Art. 32. O advogado é responsável pelos atos que, no exercício profissional, praticar com dolo ou culpa.

Parágrafo único. Em caso de lide temerária, o advogado será solidariamente responsável com seu cliente, desde que coligado com este para lesar a parte contrária, o que será apurado em ação própria.

Art. 34. Constitui infração disciplinar:

(...)

XXIV - incidir em erros reiterados que evidenciem inépcia profissional;

(...)

Das análise das aludidas normas estatutárias (entre outras), verifica-se que as regras dispostas na Lei 8.906/94 apresentam um caráter nitidamente ético-disciplinar do exercício da atividade profissional, regulando as pretensões advindas de interesses dos advogados, não estipulando normas específicas de proteção dos clientes frente a danos eventualmente produzidos com a atuação deficiente dos causídicos, o que corrobora a tese da incidência do CDC à espécie.

Ademais, não se revela coerente afastar a prestação de serviços advocatícios do campo de incidência do CDC, mas, de outro lado, inserir atividades desenvolvidas por outros profissionais liberais cuja legislação própria também prevê o dever de independência profissional e a vedação da prática de publicidade atentatória à dignidade da profissão.

É o que ocorre, por exemplo, com a profissão de médico, cujas atividades são consideradas objeto de relação de consumo pela jurisprudência do STJ, malgrado a existência de normativo próprio (Lei 3.268/57 e Código de Ética Médica) que impõe o resguardo da autonomia, independência e liberdade profissional e proíbe o exercício da medicina como comércio.

O mesmo raciocínio aplica-se à prestação de serviços de odontologia, regulada pela Lei 5.081/1966, que veda, ao cirurgião-dentista, a exposição em público de trabalhos odontológicos e o uso de artifícios de publicidade para granjear clientela, bem como o anúncio de preços de serviços, de modalidades de pagamento e de outras formas de comercialização da clínica que signifiquem competição desleal (artigo 7º).

Do mesmo modo, a existência de legislação própria reguladora do regime de concessão e permissão de prestação de serviços públicos (Lei 8.987/85), em que, muitas vezes, sequer se afigura possível a concorrência no mercado, nunca serviu de fundamento para afastamento da incidência da legislação consumerista.
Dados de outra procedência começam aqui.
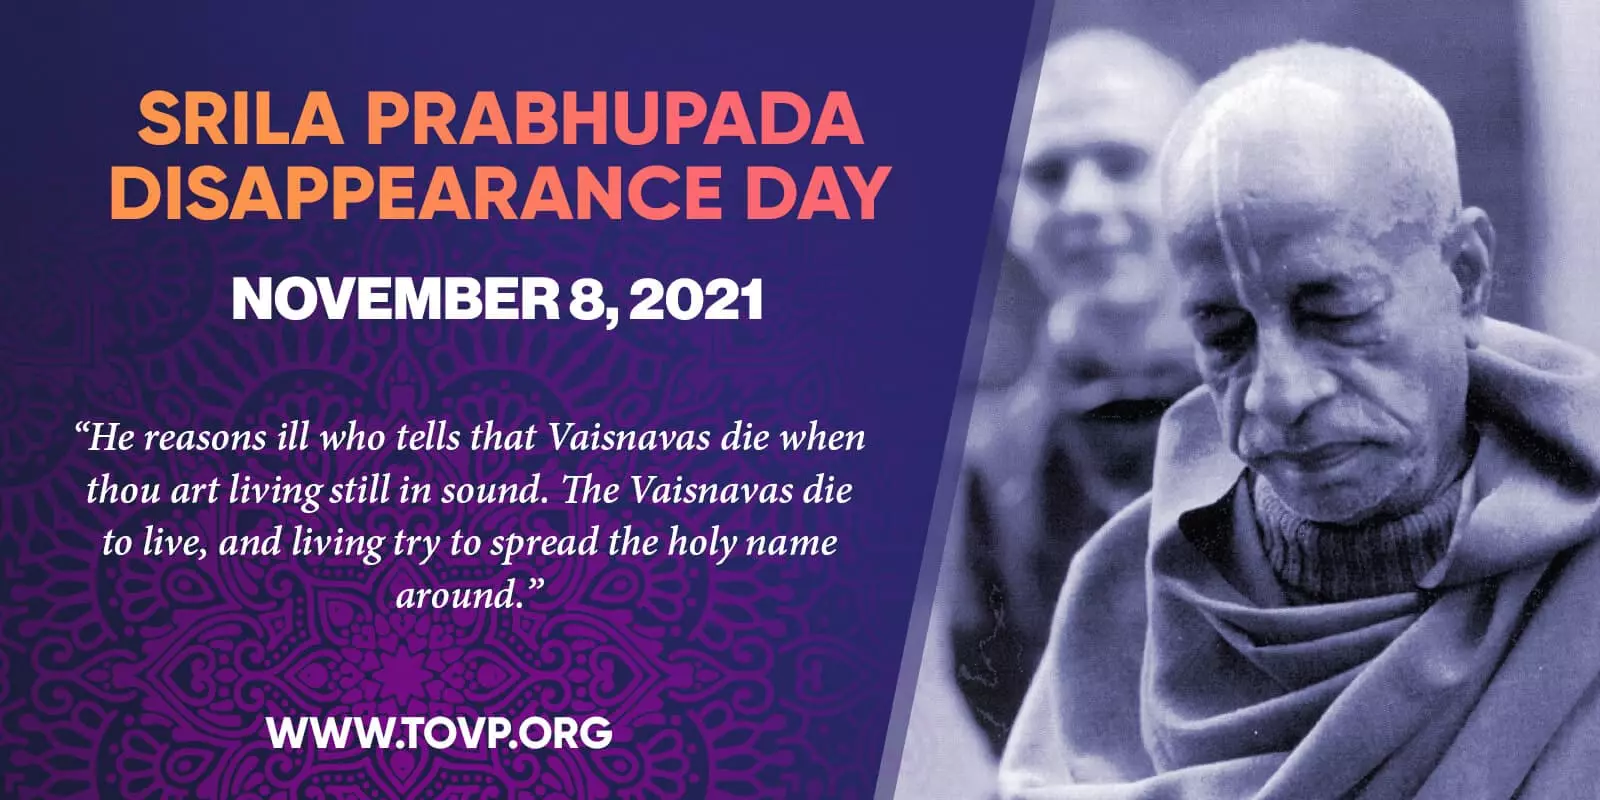 El Día de la Desaparición de Srila Prabhupada y #039; s y el TOVP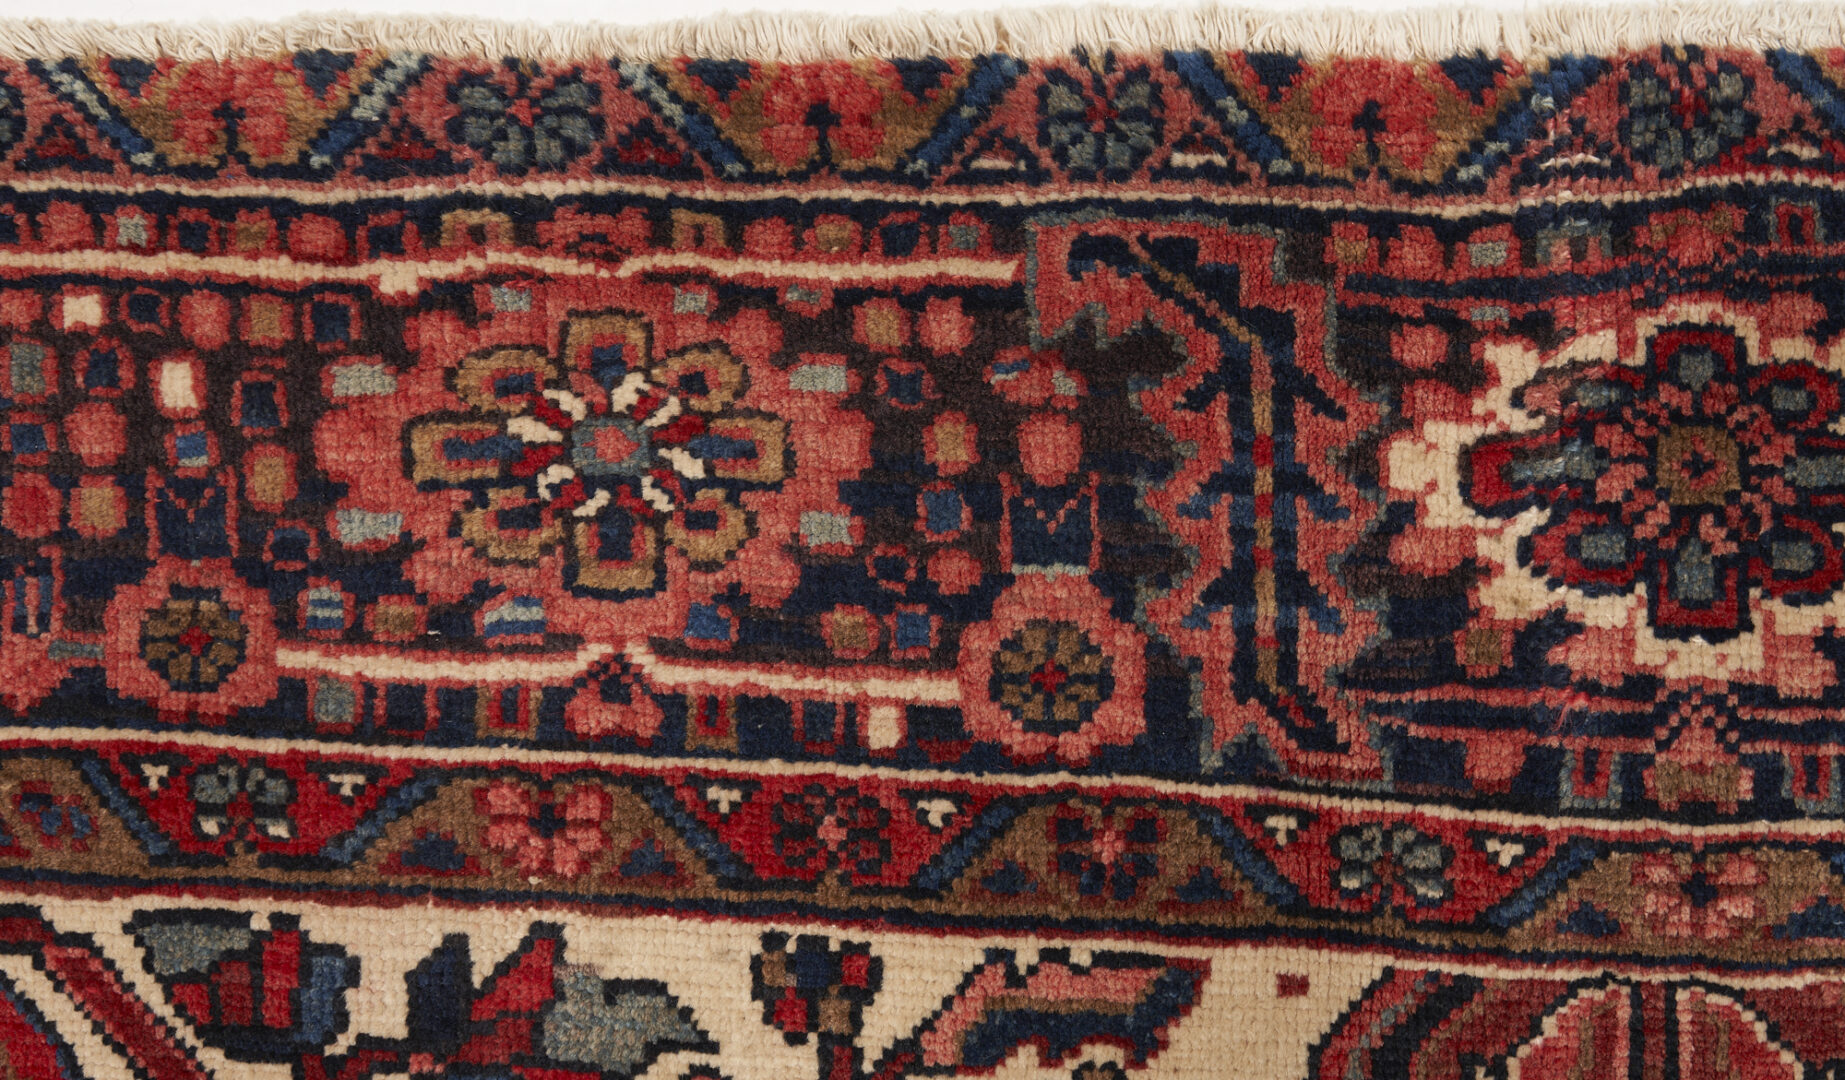 Lot 988: Large Persian Heriz Rug or Carpet

No caso, a pretensão reparatória decorre de relação jurídica instaurada entre a advogada, indicada pelo sindicato, e o filiado, leigo e carente economicamente, tendo por objeto a prestação de serviços de assistência jurídica, razão pela qual se dessume a incidência das normas do CDC à espécie.

Assim, cuidando-se de pretensão de reparação decorrente de responsabilidade por fato do serviço (danos morais e patrimoniais advindos de suposta deficiência na execução de mandato judicial), revela-se aplicável a regra prescricional quinquenal prevista no artigo 27 do CDC, verbis:

Art. 27. Prescreve em cinco anos a pretensão à reparação pelos danos causados por fato do produto ou do serviço prevista na Seção II deste Capítulo, iniciando-se a contagem do prazo a partir do conhecimento do dano e de sua autoria.

Na hipótese em foco, restou assente na origem que o termo inicial do prazo prescricional ocorreu em 23.05.2002, com a ciência pela consumidora do suposto prejuízo advindo do acordo celebrado nos autos da reclamação trabalhista individual, não se vislumbrando, portanto, a prescrição da pretensão de reparação deduzida em 24.04.2007, dirigida contra o sindicato e a advogada prestadora da assistência jurídica.

Do exposto, divergindo do e. Ministro Relator apenas quanto ao fundamento expendido em seu voto, acompanho-o negando provimento ao recurso especial. É como voto.